The relationship between crack expansion and shear stress is recorded in Figure 6.

As can be seen from the figure, when the shear displacement is 1 mm, only a few of the microcracks in the root of serration appear in the structure plane. When the shear displacement is 2 mm at point b, the shear stress reaches its peak value. At this time, the number of microcracks is increased little bit more than in the point a, which is about 300, and most are focused on the first root of the serration on the left, and they are related to each other. This shows that the first root of serration has been cut completely, which is also the main reason for shear stress reduction from the peak level. Along with the shear displacement being increased to 3 mm, the number of microcracks is increased to about 270, and the cracks have been expanded at the second, third and fourth roots of serration. All cracks in the root tend to be connected, and the shear stress is reduced further. When the shear displacement is 4 mm, the shear stress is almost unchanged, and the number of microcracks is increased to be about 320. The cracks in all roots of serration are developed further but are not completely connected. When the shear displacement is 5 mm, the increasing speed of cracks number is high, and it reaches about 500. Now, the cracks in all roots have been totally connected and the shear stress is almost stable, reaching residual strength. The serration cut off is ground in further, and the number of microcracks is increased in further as well.

4. Effect of Micro-Parameters on Shear Mechanical Behavior

4.1. Parallel Bond Stiffness Ratio $k_n/k_s$

The ratio of normal stiffness $k_n$ to shear stiffness $k_s$ in particle bonding is called the parallel bonding stiffness ratio, $k_n/k_s$. To discuss the influences on shear strength taken by the parallel bonding stiffness ratio, the $k_n/k_s$ value is changed, and meanwhile, the other micro-parameters are kept constant. By conducting direct shear simulation testing on serrated structural plane in the 2.0 MPa direct stress, the shear stress–shear displacement curve of corresponding different bonding stiffness ratio is obtained, which is shown as Figure 7. The parallel bonding stiffness ratio has a greater influence on the shear stress–shear displacement curve of the serrated structural plane. There is a negative correlation between the peak shear strength and the increase in the parallel bonding stiffness ratio. In the process of the parallel bond stiffness ratio being reduced to 0.1 from 3.0, the rate of increasing of the shear strength of the structural plane increases. After the parallel bond stiffness ratio becomes less than 1, the incrementation in shear strength is more obvious. Meanwhile, along with the reduction in parallel bond stiffness ratio, the slope of the shear stress–shear displacement curve is increased generally before reaching its peak. The shear displacement of shear strength becomes lower when reaching the peak, and the “drop” rate of the shear stress–shear displacement curve after reaching peak strength is faster, especially when the parallel bond stiffness is 0.1.

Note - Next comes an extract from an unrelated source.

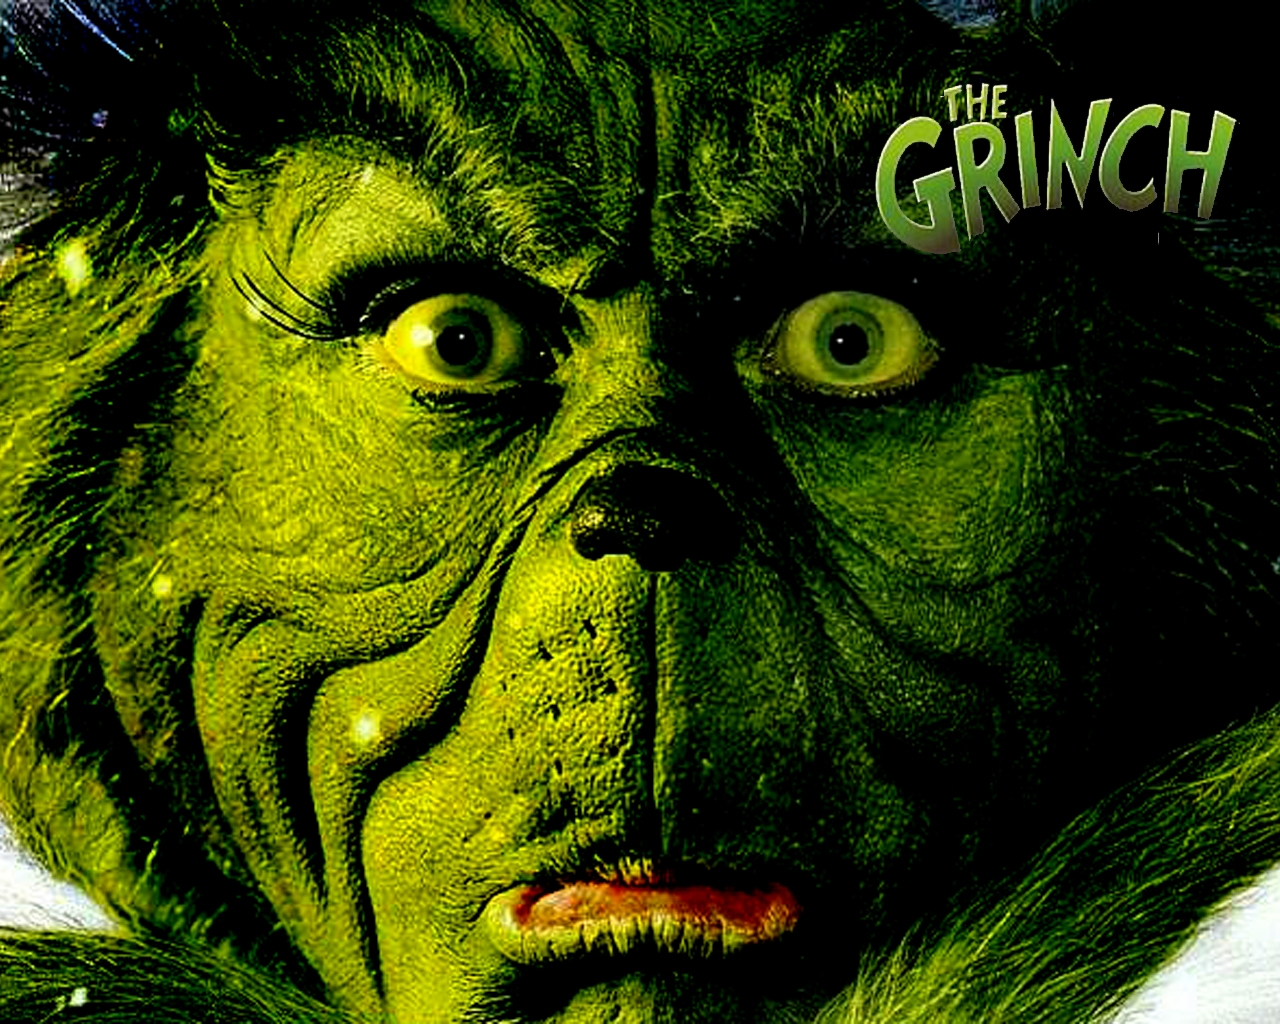 How The Grinch Stole Christmas Wallpaper

4.2. Particle Contact Stiffness Ratio $k_n{}^{\ast }/k_s{}^{\ast }$

The contact stiffness ratio $k_n{}^{\ast }/k_s{}^{\ast }$ between particles is the ratio of normal stiffness $k_n{}^{\ast }$ to tangential stiffness $k_s{}^{\ast }$ of the contact between particles. Through keeping the other parameters unchanged, the influences on shear stress and shear displacement taken by contact stiffness ratio $k_n{}^{\ast }/k_s{}^{\ast }$ between particles were simulated in groups of contact stiffness ratios, which is shown as Figure 8.

Although there are different shear stress and shear displacement curves for different contact stiffness ratios, the difference is not great, and the curve patterns are almost consistent; meanwhile, the shear strength of the corresponding peaks are almost the same. With the above stiffness ratios, the shear resistance strength reaches its maximum when the stiffness ratio is one, which is 6.2 MPa. The contact stiffness ratio has a certain influence on the slope of shear stress–shear strain before reaching its peak. When the contact stiffness ratio is less than three, the slope of the curve decreases gradually with the increase in $k_n{}^{\ast }/k_s{}^{\ast }$; that is, the elastic modulus decreases. The above analysis states the influences of contact stiffness strength between particles on shear resistance strength and elastic modulus are weak.

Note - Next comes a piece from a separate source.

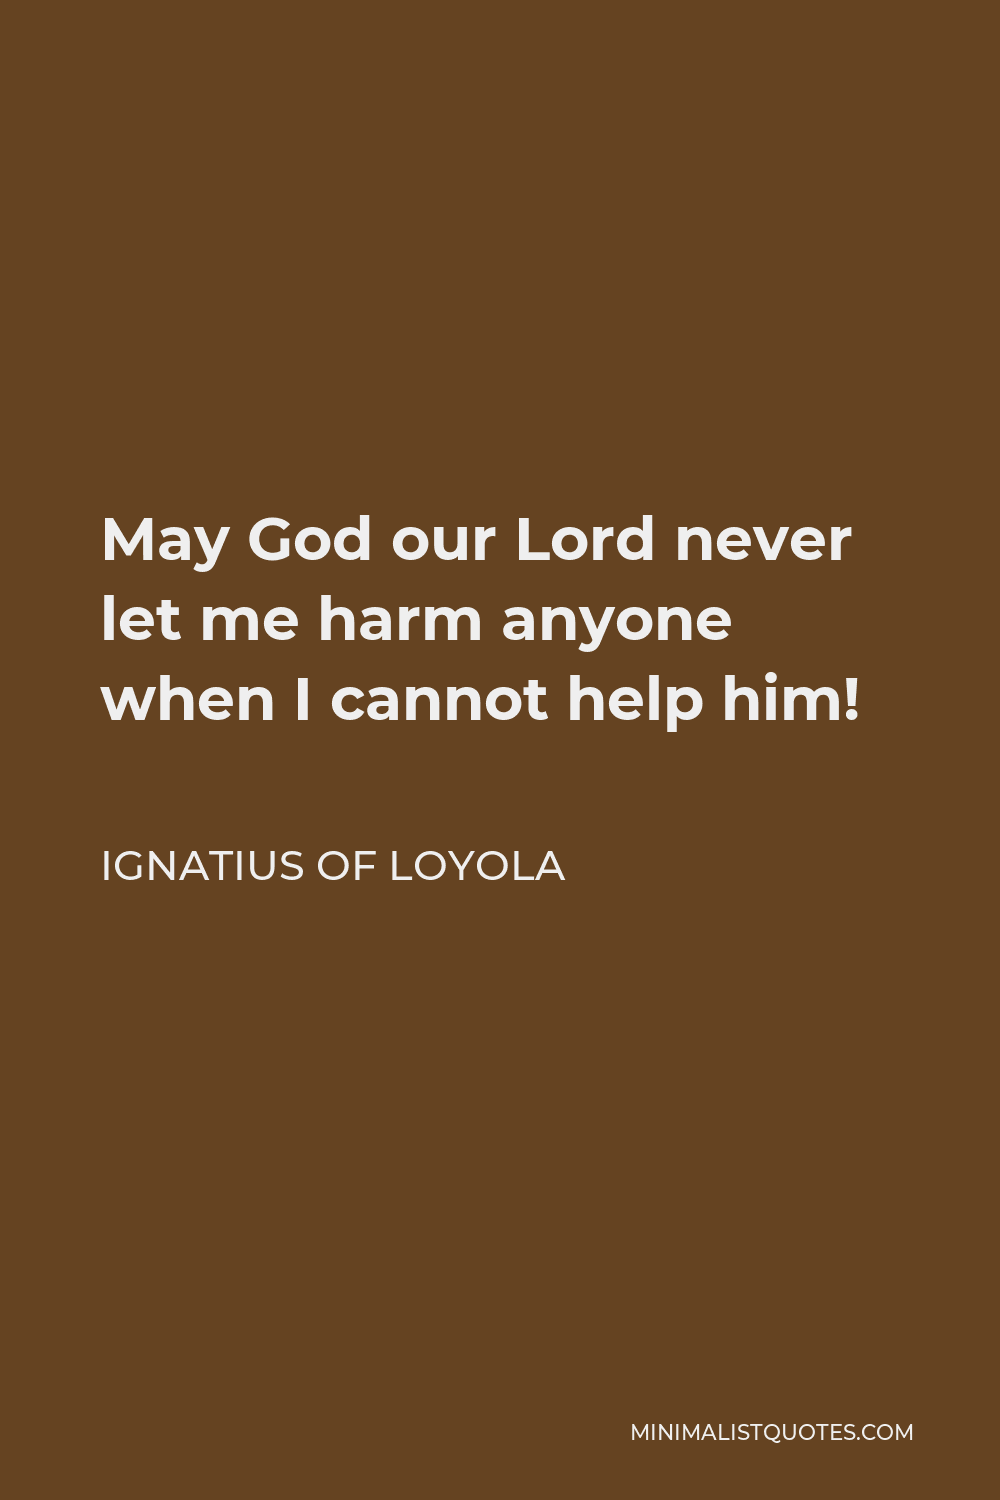 Ignatius of Loyola Quote - May God our Lord never let me harm anyone when I cannot help him!

4.3. Particle Contact Modulus $E$

The contact modulus of particles is the elastic modulus. The corresponding shear stress–shear displacement curves of groups of contact modulus were obtained by only changing the contact modulus between particles, as shown as Figure 9.

The contact modulus between particles has a great influence on the shear characteristics of the structural plane, which is mainly reflected in the elastic modulus. As the contact modulus is increased to 6 GPa from 1 GPa, the slope of the corresponding shear stress–shear displacement curve increases generally, before reaching its peak. However, as the ratio becomes smaller, the corresponding slopes of the curves when the contact modulus is 5 or 6 GPa are almost the same. Meanwhile, the changes in contact modulus between particles have a certain influence on the shear resistance strength of the pattern. When the particles’ contact modulus is increased, the shear strength is increased as well. The range of increments is not big. When the contact modulus is 6 GPa for particles, the corresponding shear resistance peak is maximal: about 6.3 MPa.

4.4. Parallel Bond Modulus $E^{\ast }$

The elastic modulus is $E^{\ast }$ between particles that are bonded by parallel bonding, which is called the parallel bonding modulus. Under the guarantee of other micro-parameters being unchanged, groups of shear stress–shear displacement curves corresponding to parallel bonding elastic moduli were obtained by changing the parallel bonding elastic modulus, which is shown as Figure 10.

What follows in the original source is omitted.